In Santa Fe, Carson was greeted as a god. People saluted him, embraced him in the muddy streets. The plaza was thronged with celebrants. In six short months he had done something that no field commander over nearly three hundred years of history had been able to do.
General Carleton was fulsome in his praise, calling Carson’s triumph the “crowning act in a long life spent fighting the savages among the fastnesses of the Rocky Mountains.” In a glowing report the general sent to superiors in Washington, Carleton pointed out that Canyon de Chelly had been “the great fortress of the Navajo tribe since time out of mind. Colonel [John] Washington and many other commanders have made attempts to go through it, and had to retrace their steps. It was reserved for Colonel Carson to be the first to succeed.”

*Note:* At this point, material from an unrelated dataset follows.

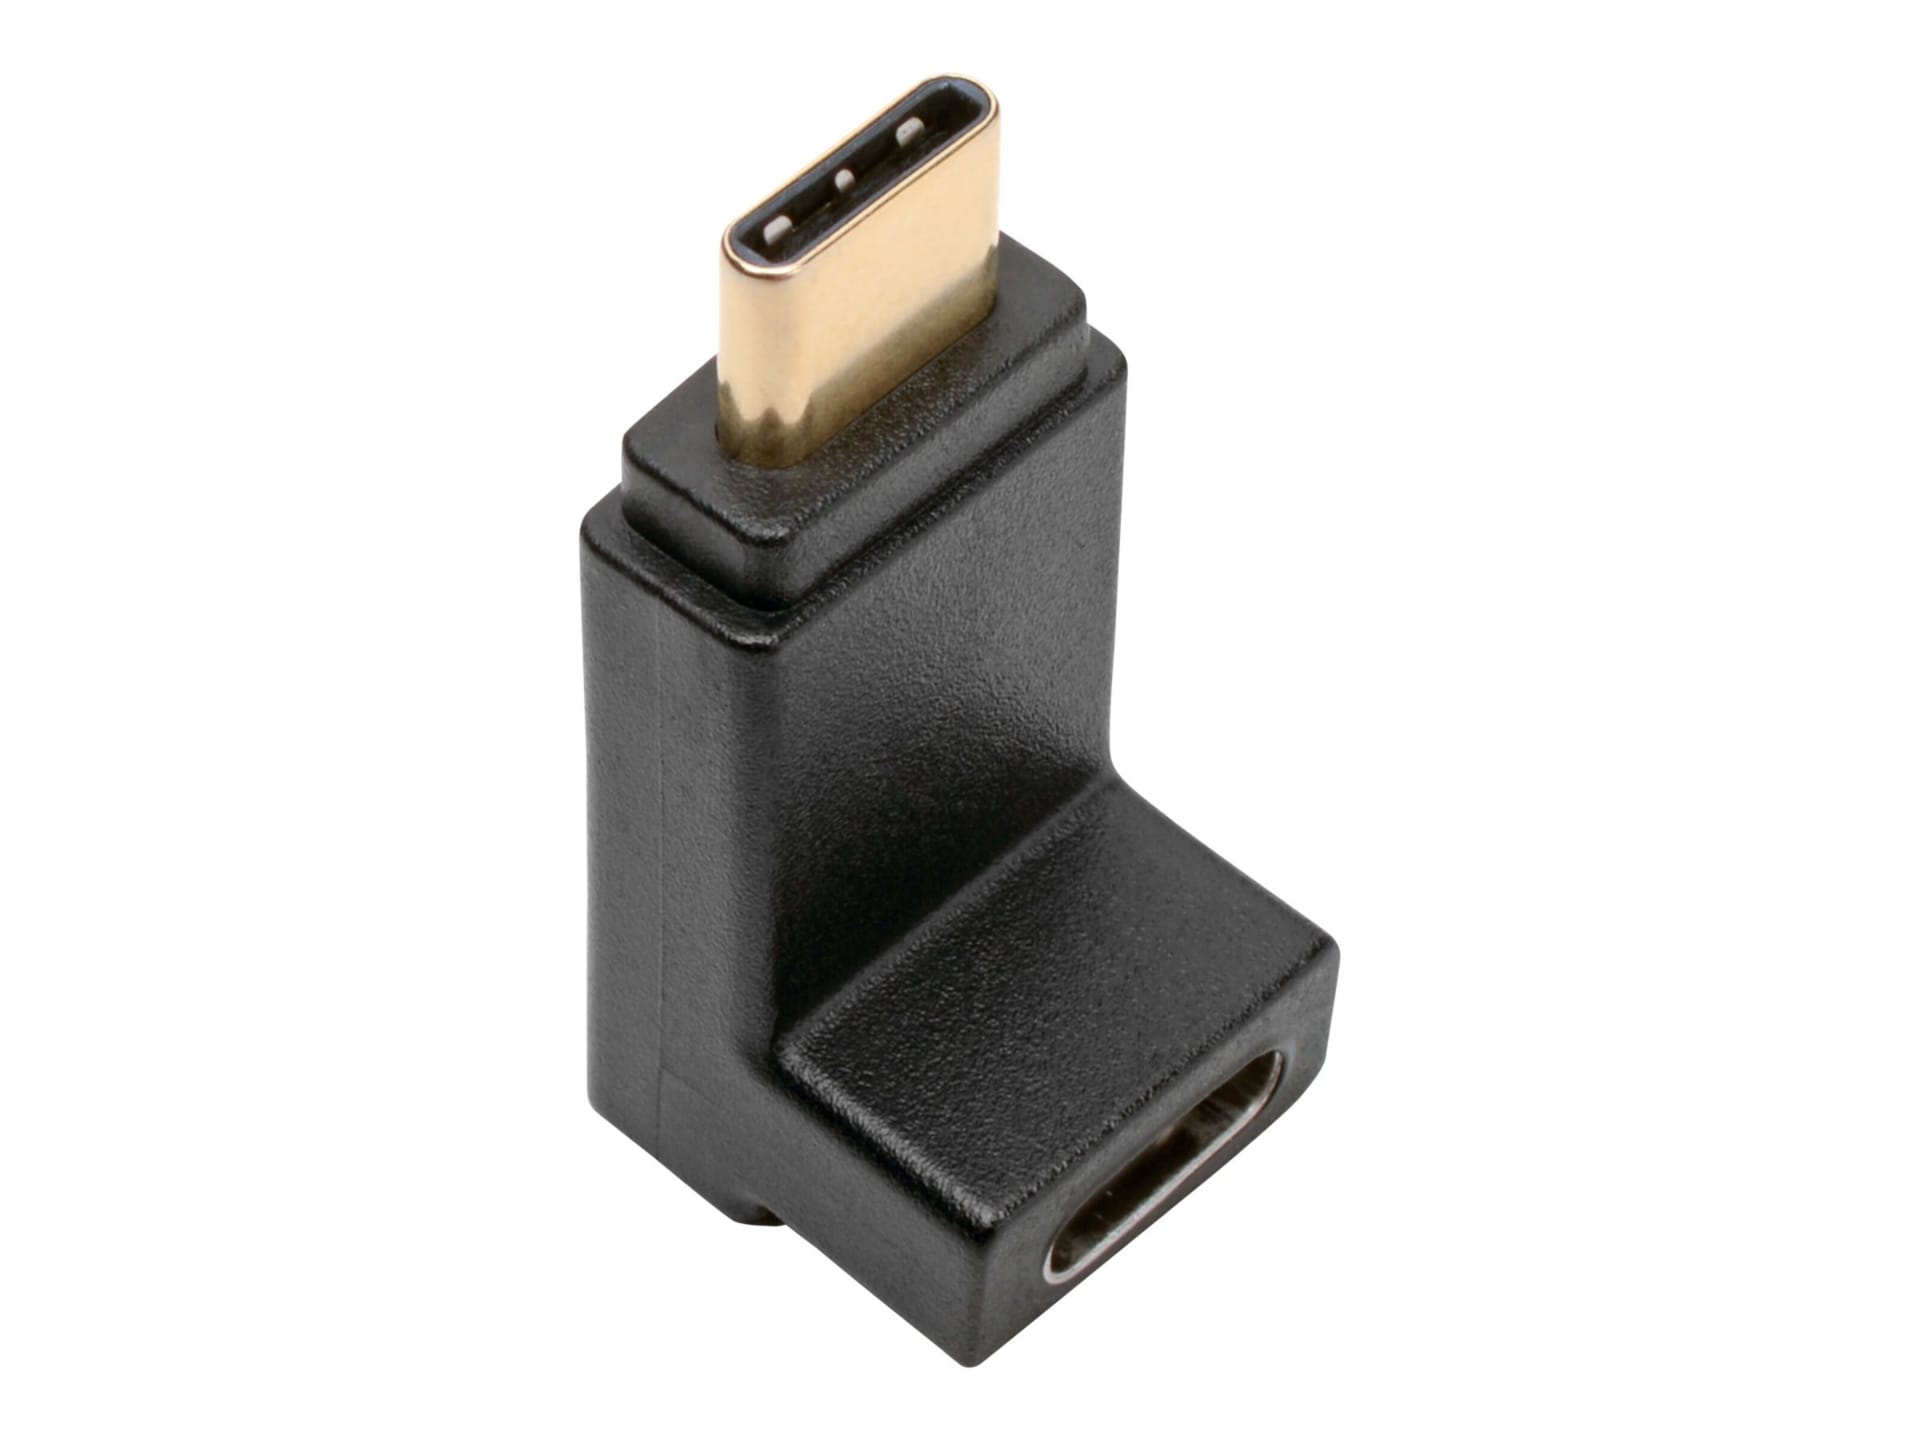 Micro USB OTG (On the Go) to USB Adapter - M/F

What’s more, Carleton was so encouraged by the huge numbers of Navajos streaming into Fort Canby—now four thousand and growing—that he declared a “suspension of arms.” On February 27 the general confidently wrote to Washington: “You have doubtless seen the last of the Navajo war.” As usual, Carson felt uncomfortable with the public’s adulation and was quick to point out that it was Carey and Pfeiffer who had actually made the historic penetration of Canyon de Chelly.
The truth was, Carson was in no shape to celebrate his victory—even if he was inclined to accept it as such. He was near exhaustion and in increasing pain. He did not know it yet, but something was growing inside his chest that was slowly killing him. His horse accident years ago in the San Juans had apparently caused the formation of an aneurysm on his aorta—a tiny balloon that was steadily expanding and would prove immediately lethal should it burst. He knew something was not right. As Tom Dunlay described it, “An enemy he could neither outwit nor outfight was on his trail.”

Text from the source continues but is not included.